Lessons from the Field: Deep Learning and Machine Perception for Underwater Robots Without Massive Amounts of Human Labeling

Matthew Johnson-Roberson
Associate Professor of Engineering

University of Michigan

Friday, Sep. 24, 2021, 3:10pm
Chase 105
Abstract

Mobile robots now deliver vast amounts of sensor data from large unstructured environments. In attempting to process and interpret this data there are many unique challenges in bridging the gap between prerecorded data sets and the field. This talk will present recent work addressing the application of deep learning techniques to marine robotic perception. We focus on solutions to several pervasive problems when attempting to deploy such techniques on fielded robotic systems. The themes of the talk revolve around alternatives to gathering and curating data sets for training. Are there ways of avoiding the labor-intensive human labeling required for supervised learning?

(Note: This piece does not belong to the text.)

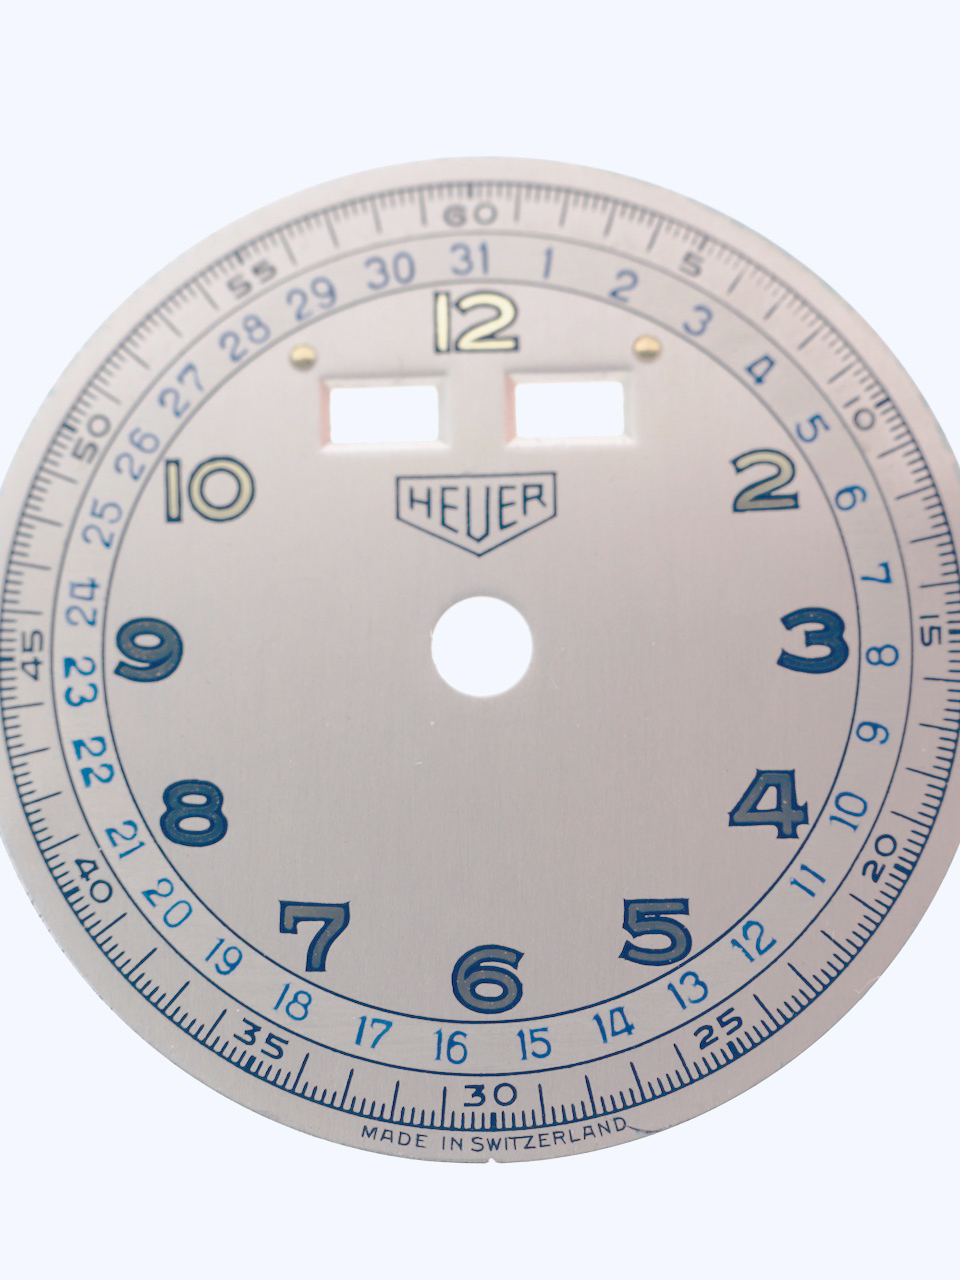 Heuer Triple Calendar for Valjoux 90 1940s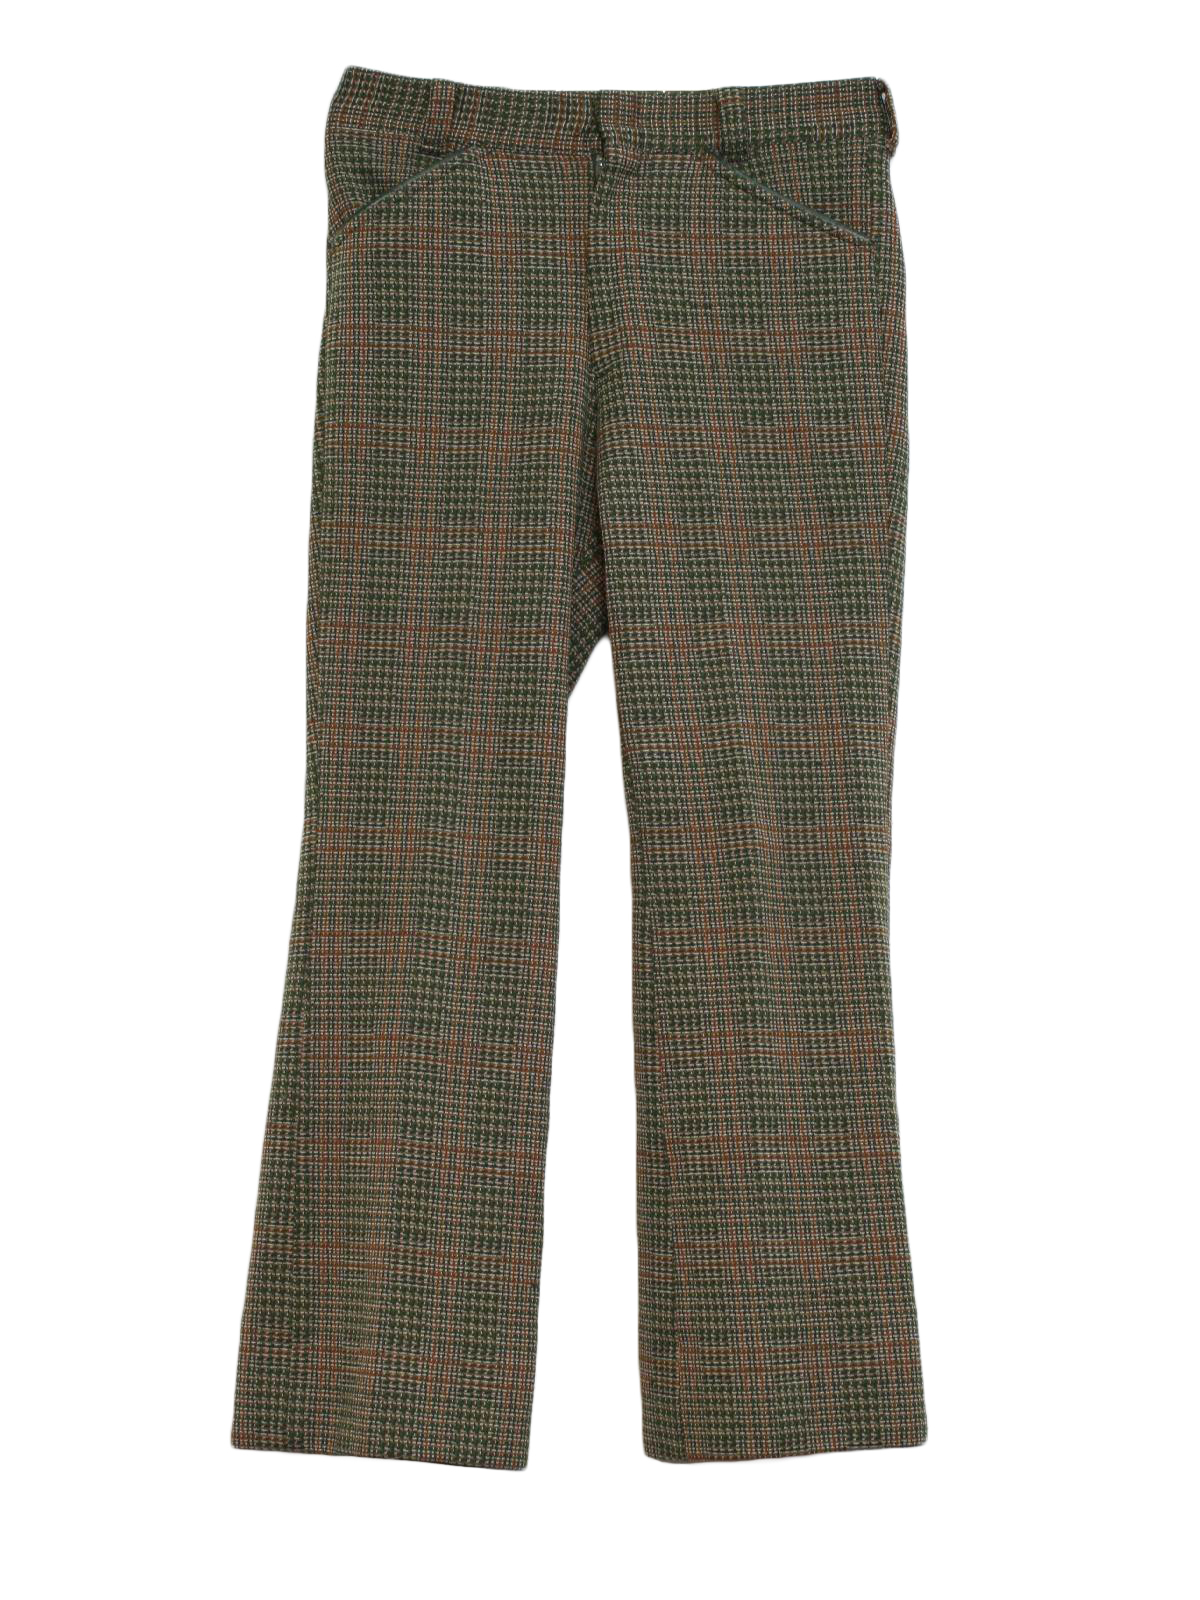 70's Vintage Flared Pants / Flares: 70s -Missing Label- Mens green, tan ...

These questions give rise to several lines of research based around self-supervision, simulation, and field data processing. We will show how these approaches applied to depth estimation, object classification, underwater manipulation, and domain transfer problems have great potential to change the way we train, test, and validate machine learning-based systems. Real examples from underwater vehicle deployments will be discussed.

Bio

Matthew Johnson-Roberson is Associate Professor of Engineering in the Department of Naval Architecture & Marine Engineering and the Department of Electrical Engineering and Computer Science at the University of Michigan.   He co-directs the UM Ford Center for Autonomous Vehicles (FCAV) and he founded and leads the DROP (Deep Robot Optical Perception) Lab, which researches 3D reconstruction, segmentation, data mining, and visualization. 

He received a PhD from the University of Sydney and he has held prior postdoctoral appointments with the Centre for Autonomous Systems - CAS at KTH Royal Institute of Technology in Stockholm and the Australian Centre for Field Robotics at the University of Sydney. He is a recipient of the NSF CAREER award (2015).